3.4 Des marchés d'exportation en restructuration
Les exportations de l'UE vers les marchés non européens montrent des dynamiques contrastées. Les marchés traditionnels reculent :
| Marché | 2015 (M€) | 2025 (M€) | Variation |
|---|---|---|---|
| Royaume-Uni | 220 | 134 | −39 % |
| Russie | 109 | 57 | −47 % |
| Mexique | 33 | 9 | −71 % |
En revanche, certains marchés progressent fortement :
| Marché | 2015 (M€) | 2025 (M€) | Variation |
|---|---|---|---|
| États-Unis | 55 | 101 | +83 % |
| Turquie | 41 | 104 | +154 % |
| Suisse | 149 | 189 | +27 % |
Source : Principaux partenaires à l'exportation
La progression vers la Turquie (+154 %) est particulièrement notable et peut s'expliquer par des réexportations ou des fournitures à l'industrie textile turque. La Suisse reste un marché stable et lucratif, avec des prix unitaires parmi les plus élevés. Les États-Unis ont doublé leurs importations depuis l'UE entre 2015 et 2022, avant un recul partiel en 2023.
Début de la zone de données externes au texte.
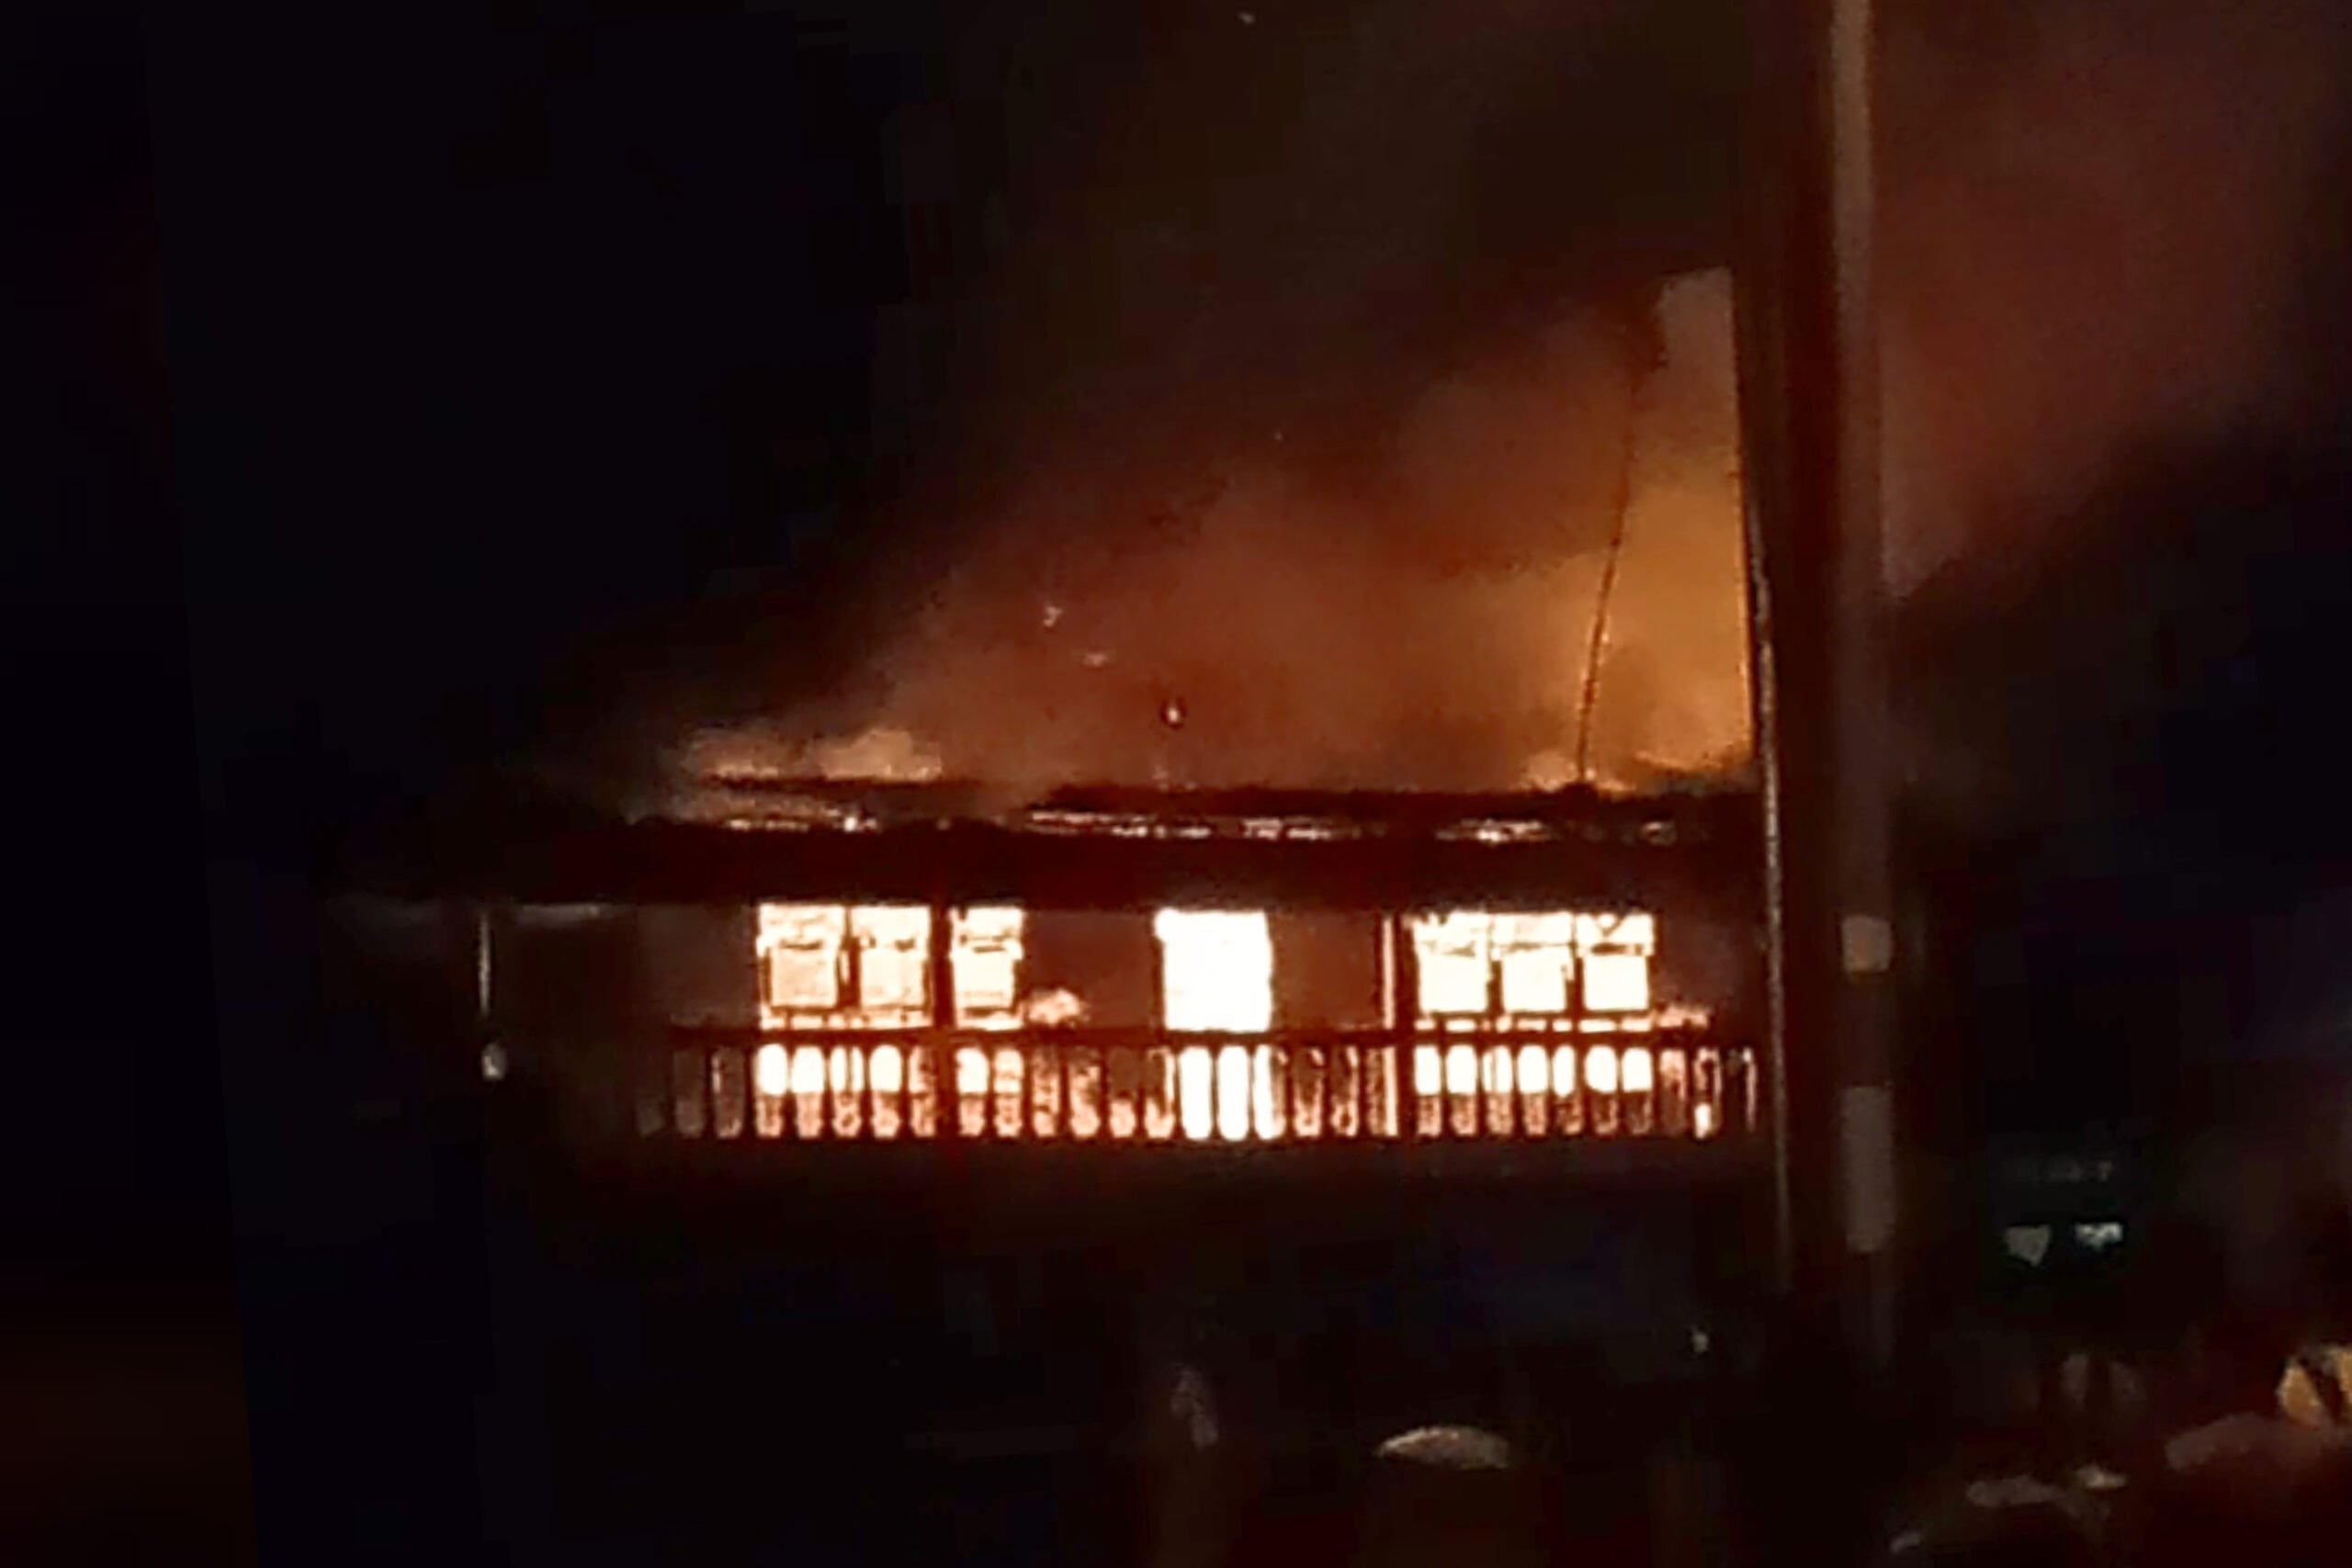 Ponpes Raudlatul Ulum Ciampea Bogor Terbakar 233

Enfin, l'Ukraine est devenue un marché en forte croissance pour les exportations européennes, passant de 11 millions d'euros en 2015 à 55 millions en 2025, probablement en lien avec la reconfiguration des flux commerciaux induite par le conflit.
Conclusion
Le marché européen des pantalons coton femme (CN 620462) a profondément évolué entre 2015 et 2025, sous l'effet de tendances structurelles et de chocs conjoncturels. Trois grandes dynamiques se dégagent :
-
La reconfiguration géographique de l'approvisionnement : le Bangladesh s'est imposé comme le fournisseur dominant de l'UE, dépassant la Chine dont les parts ont fondu. Le Pakistan et le Cambodge ont également gagné des parts de marché significatives, tandis que les fournisseurs méditerranéens (Maroc, Tunisie) ont perdu du terrain.
-
L'accélération de la dépendance aux importations : avec un taux de dépendance nette de 81 % et une production européenne en chute libre (−70 % en volume depuis 2003), l'UE est désormais quasi-totalement tributaire de l'extérieur pour satisfaire sa demande. Le déficit commercial dépasse les 3 milliards d'euros.
-
L'impact des chocs géopolitiques : le Brexit a durablement réduit les exportations vers le Royaume-Uni, les sanctions contre la Russie ont fermé un marché important, et l'inflation de 2022 a entraîné des hausses de prix significatives sur les importations. Ces événements ont accéléré la restructuration des flux commerciaux et poussé l'UE à diversifier ses partenaires.
À l'horizon, la concentration de l'approvisionnement sur le Bangladesh (30 % des importations) et la volatilité géopolitique constituent des facteurs de vulnérabilité pour le marché européen, tandis que les initiatives de reshoring et les exigences environnementales croissantes (taxe carbone aux frontières) pourraient redessiner les équilibres du secteur dans les années à venir.